Although not a "buffer initialization" activity per se, a (slice-generating) logical clear seems to occupy all of this resource—if you have any uncommitted buffers created, even with the lowest possible resource utilization of 0.01 assigned, the logical clear will fail:
The Essbase Technical Reference states at "Loading Data Using Buffers":
While the data load buffer exists in memory, you cannot build aggregations or merge slices, as these operations are resource-intensive.
It could perhaps be argued that as we are creating a "clear slice," not merging slices (nor building an aggregation), that the logical clear falls outside of this definition, but a similar restriction certainly appears to apply here too.

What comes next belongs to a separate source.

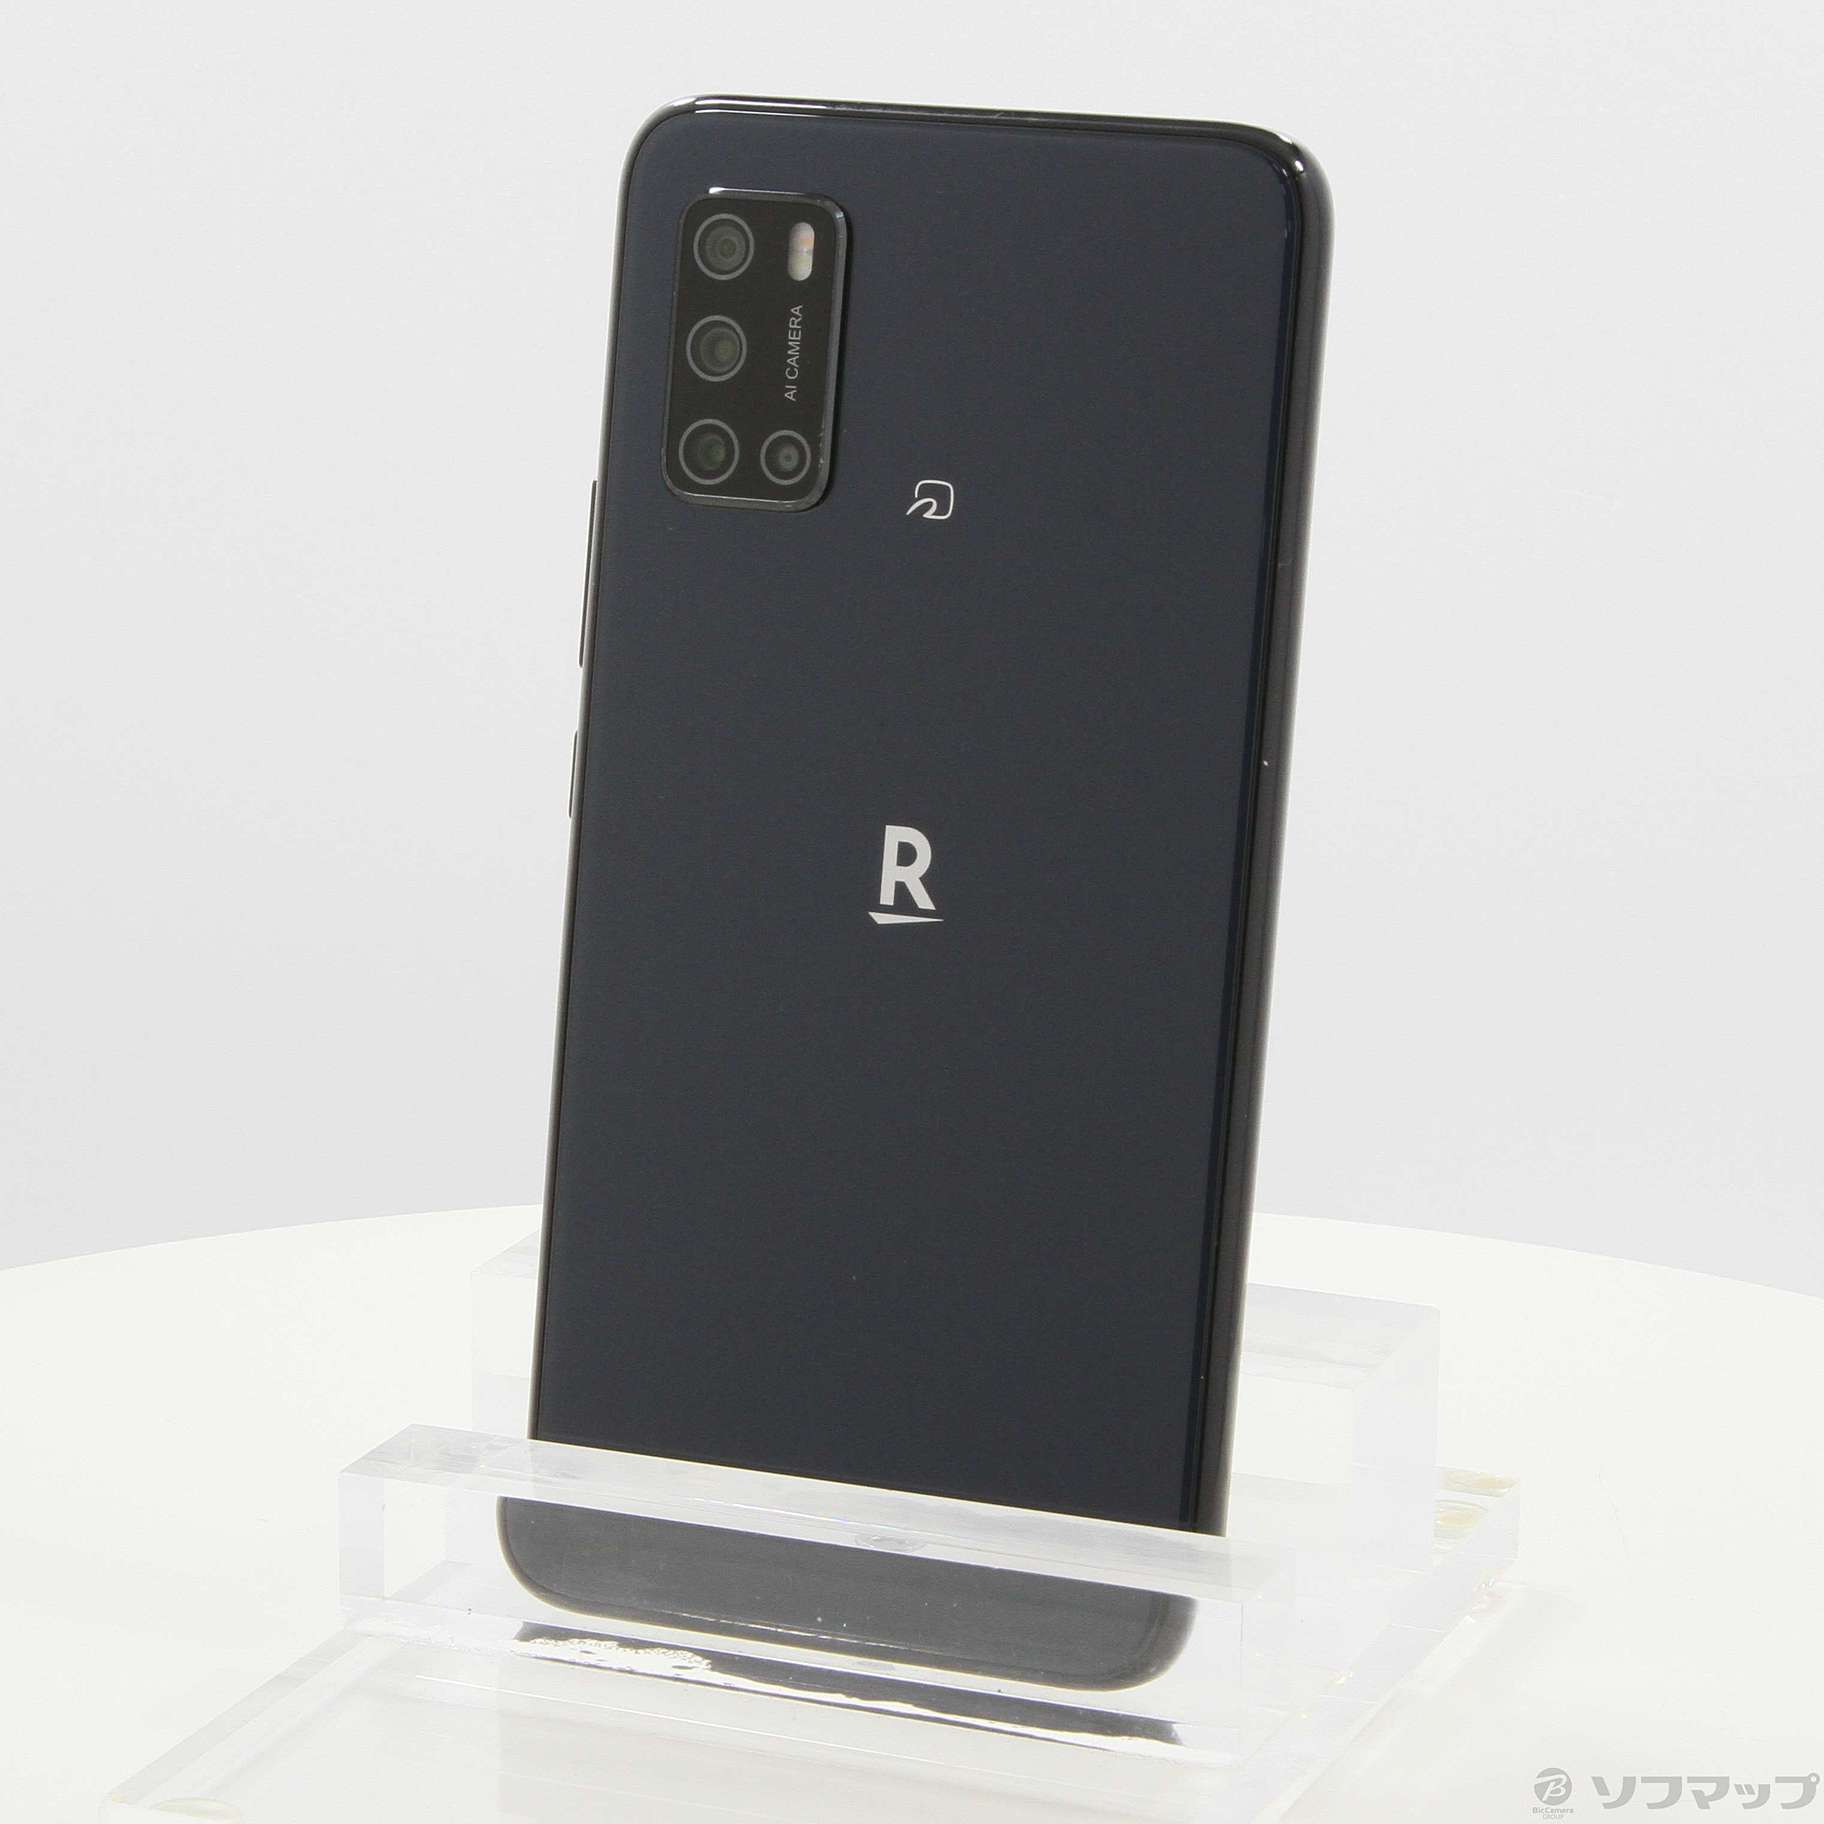 Rakuten BIG s 新品 - スマートフォン本体

This is significant as, arguably, the ideally optimum incremental load would be along the lines of
- Initialize buffer(s)
- Load buffer(s) with data
- Effect partial logical clear (to new database slice)
- Load buffers to new database slices
- Merge slices into database
As this would both minimize the time that the cube was inaccessible (during the merge), and also not present the cube with zeroes in the current load area. However, as noted above, this does not seem to be possible—there does not seem to be a way to change the resource usage (RNUM) of the "clear," meaning that this sequence has to be followed:
- Effect partial logical clear (to new database slice)
- Initialize buffer(s)
- Load buffer(s) with data
- Load buffers to new database slices
- Merge slices into database
I.e., the ‘clear’ has to be fully effected before the initialization of the buffers. This works as you would expect, but there is a brief period—after the completion of the "clear" but before the load buffer(s) have been committed to new slices—where the cube is accessible and the load slice will show as "0" in the cube.